* Assigned task *
Return the listing that follows exactly, with no pictures included.

* Data below *
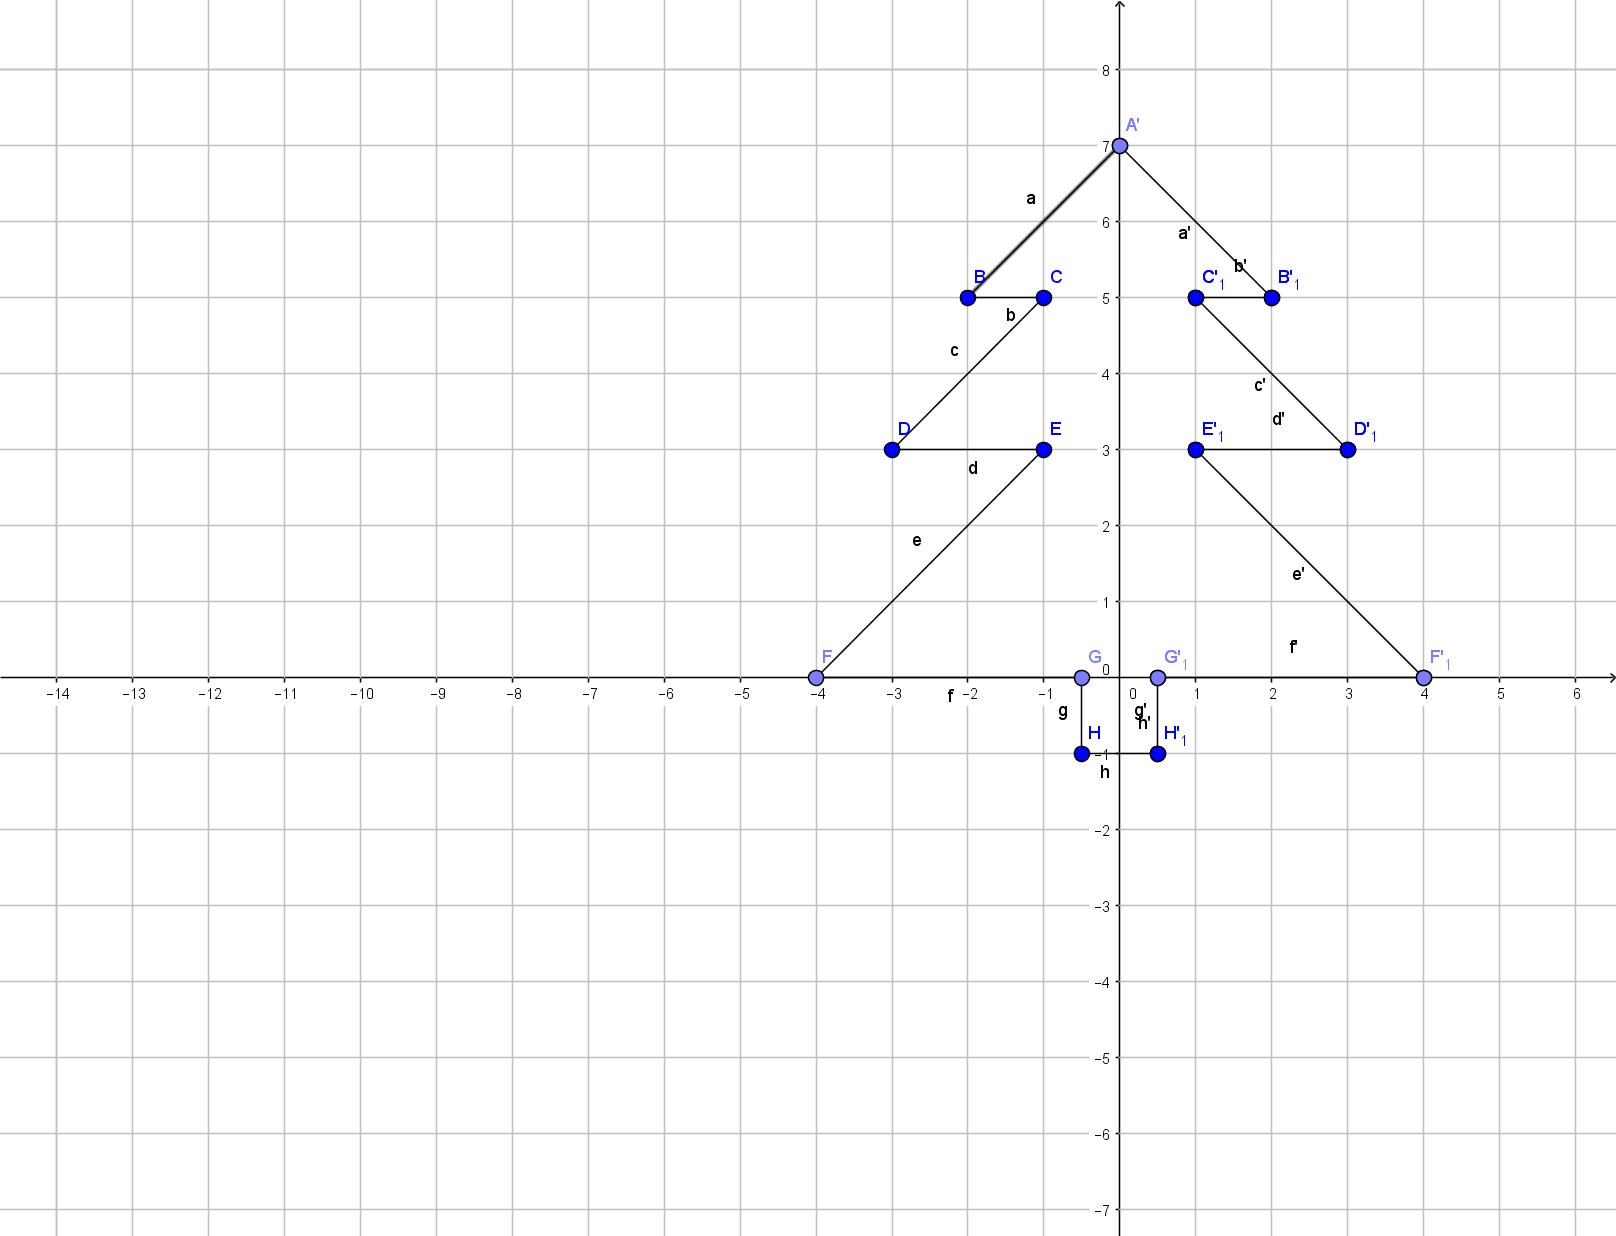 Matematyka A Boże Narodzenie Centralne Repozytorium Treści
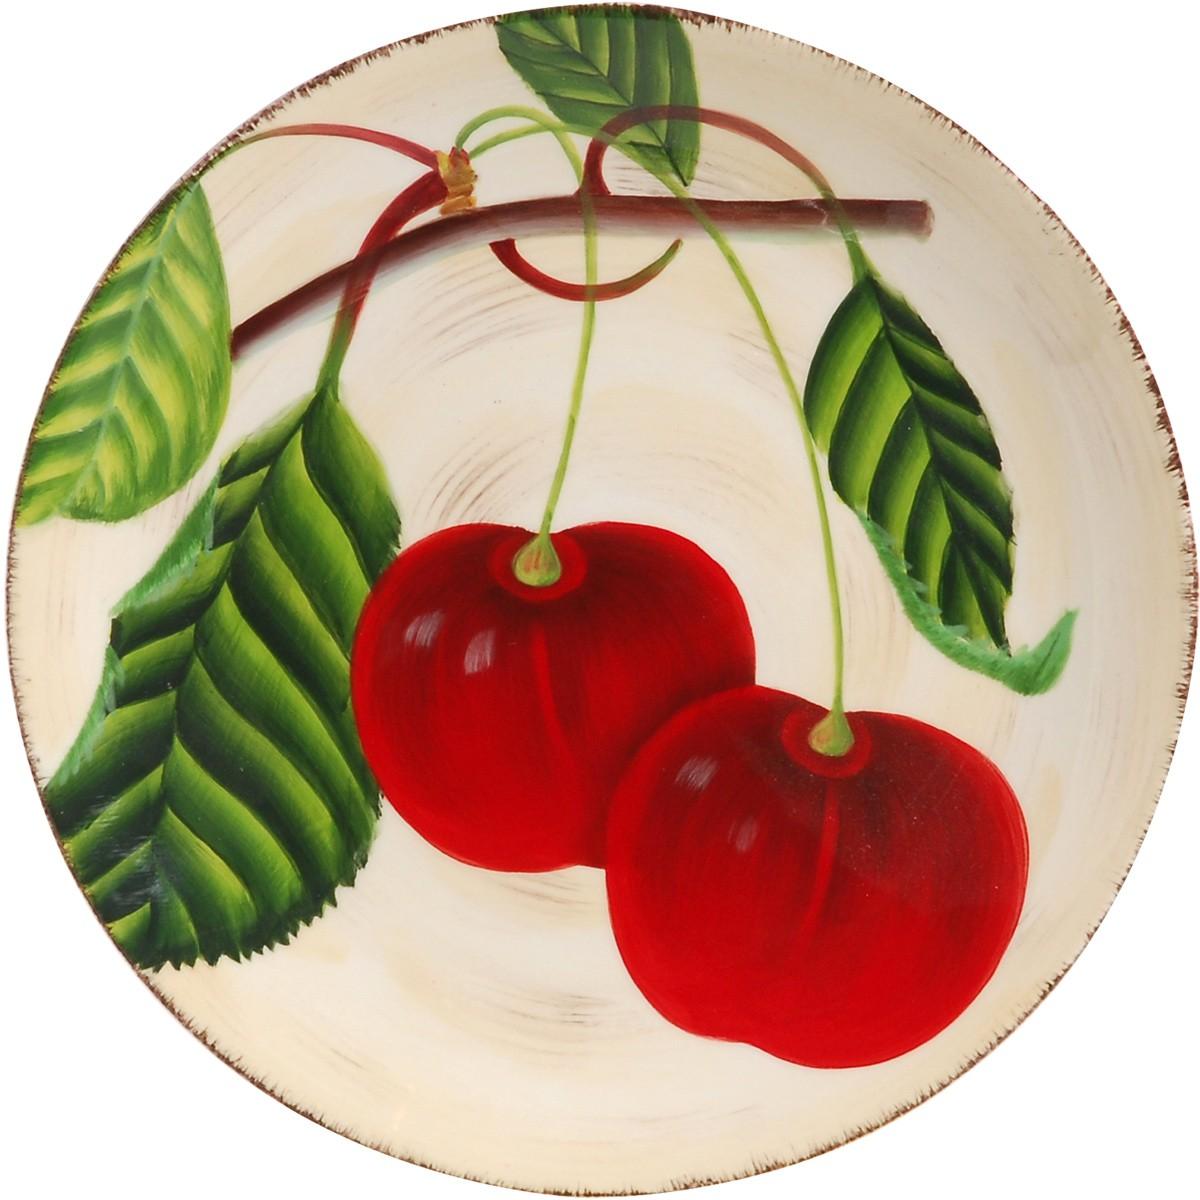 Πιάτο Φαγητού Ρηχό Home Design Κεράσι CHU3213622 home   κουζίνα   τραπεζαρία   πιάτα μπωλ
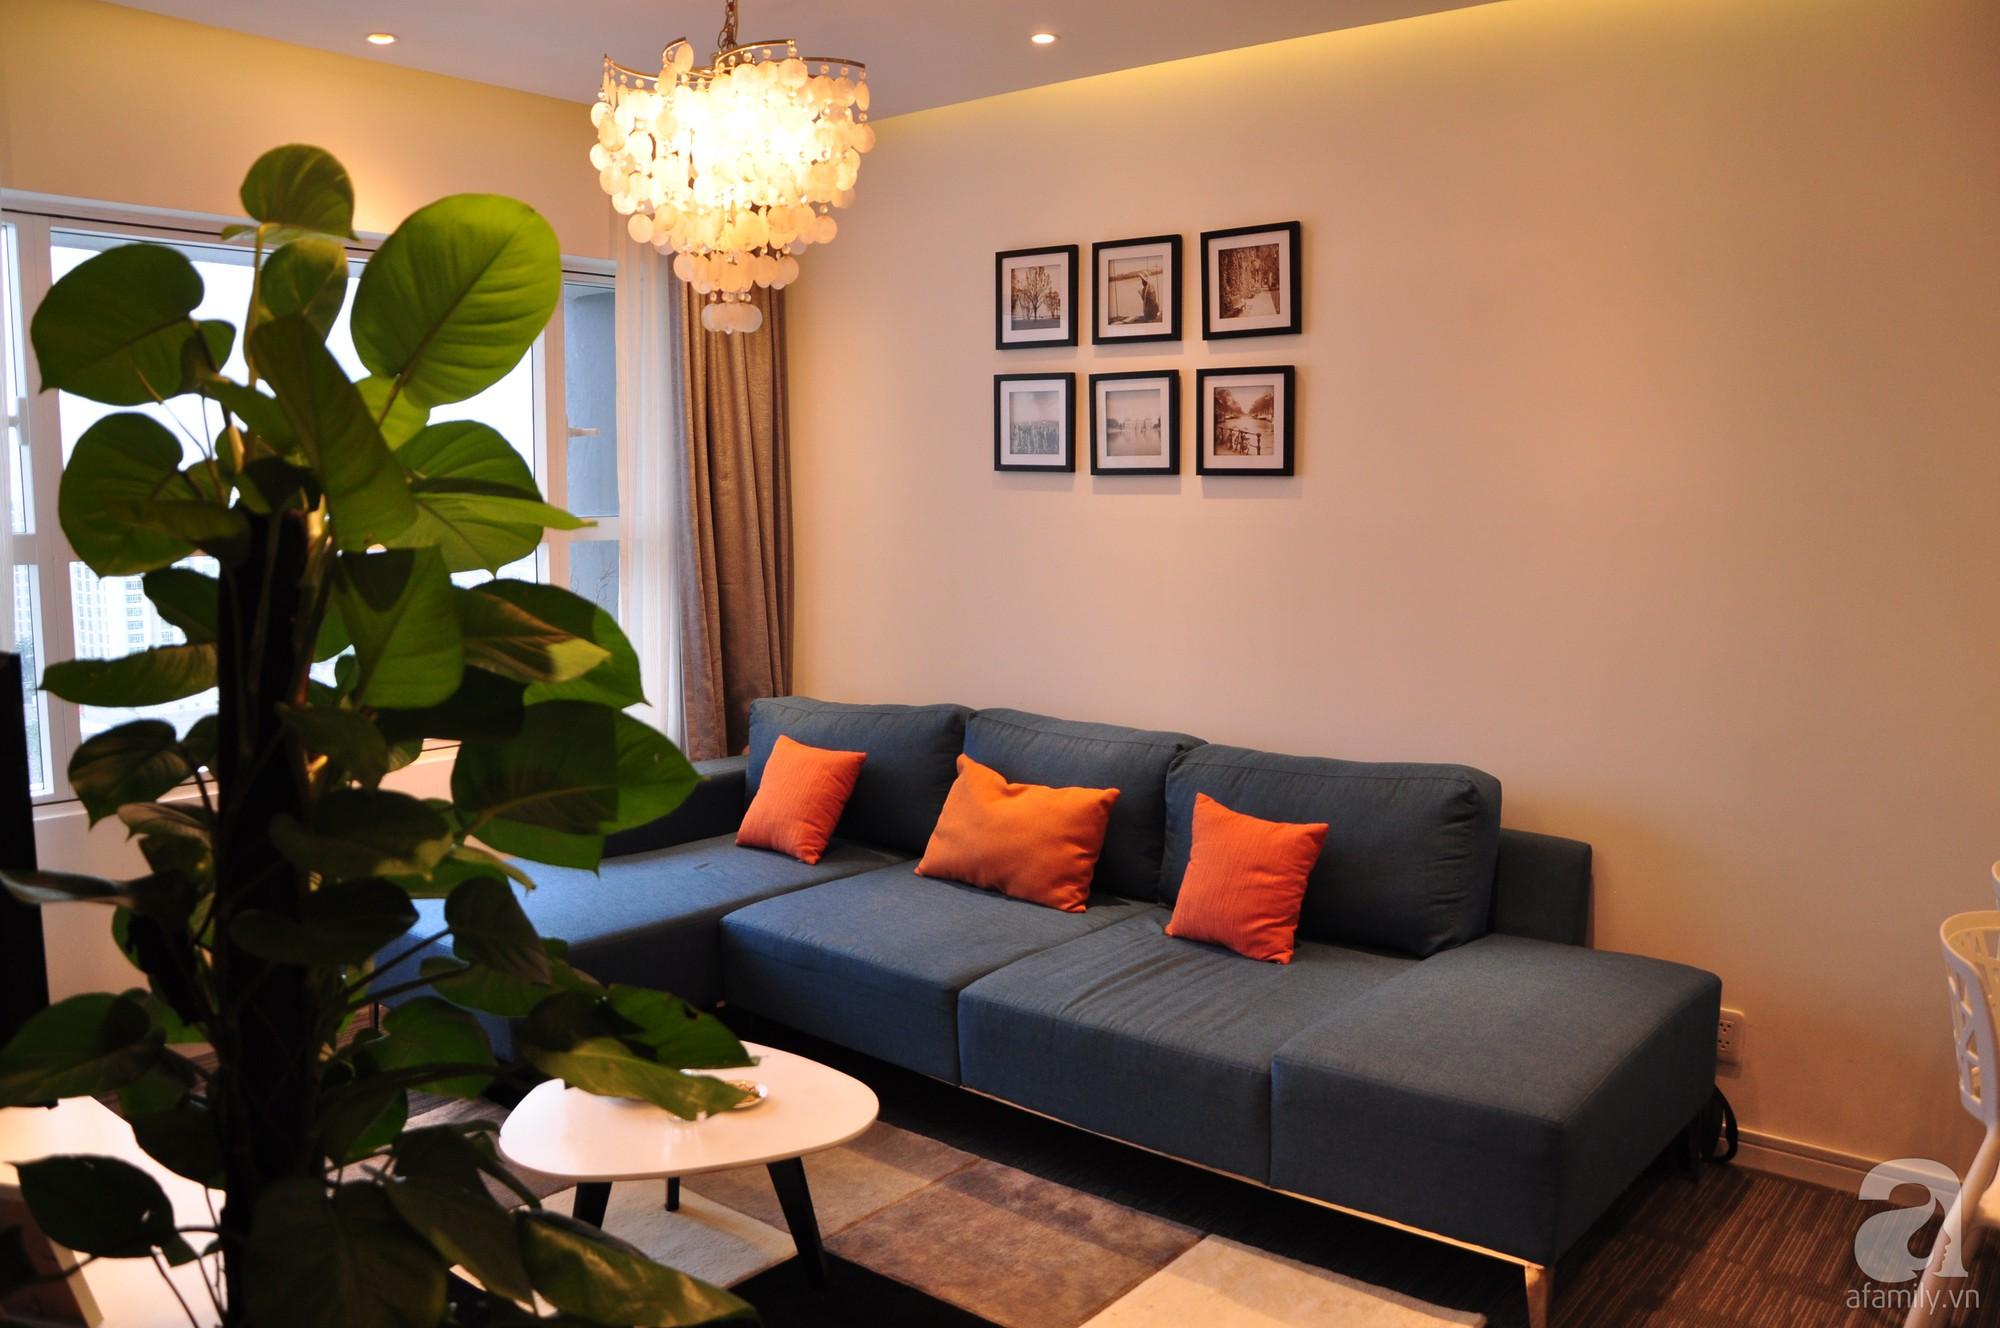 Căn hộ nhỏ 55m² ở quận 7, Sài Gòn nổi bật phong cách tận hưởng cuộc sống do anh chàng độc thân tự tay bố trí nội thất - Ảnh 2.

* Answer section *
 Matematyka A Boże Narodzenie Centralne Repozytorium Treści
 Πιάτο Φαγητού Ρηχό Home Design Κεράσι CHU3213622 home   κουζίνα   τραπεζαρία   πιάτα μπωλ
 Căn hộ nhỏ 55m² ở quận 7, Sài Gòn nổi bật phong cách tận hưởng cuộc sống do anh chàng độc thân tự tay bố trí nội thất - Ảnh 2.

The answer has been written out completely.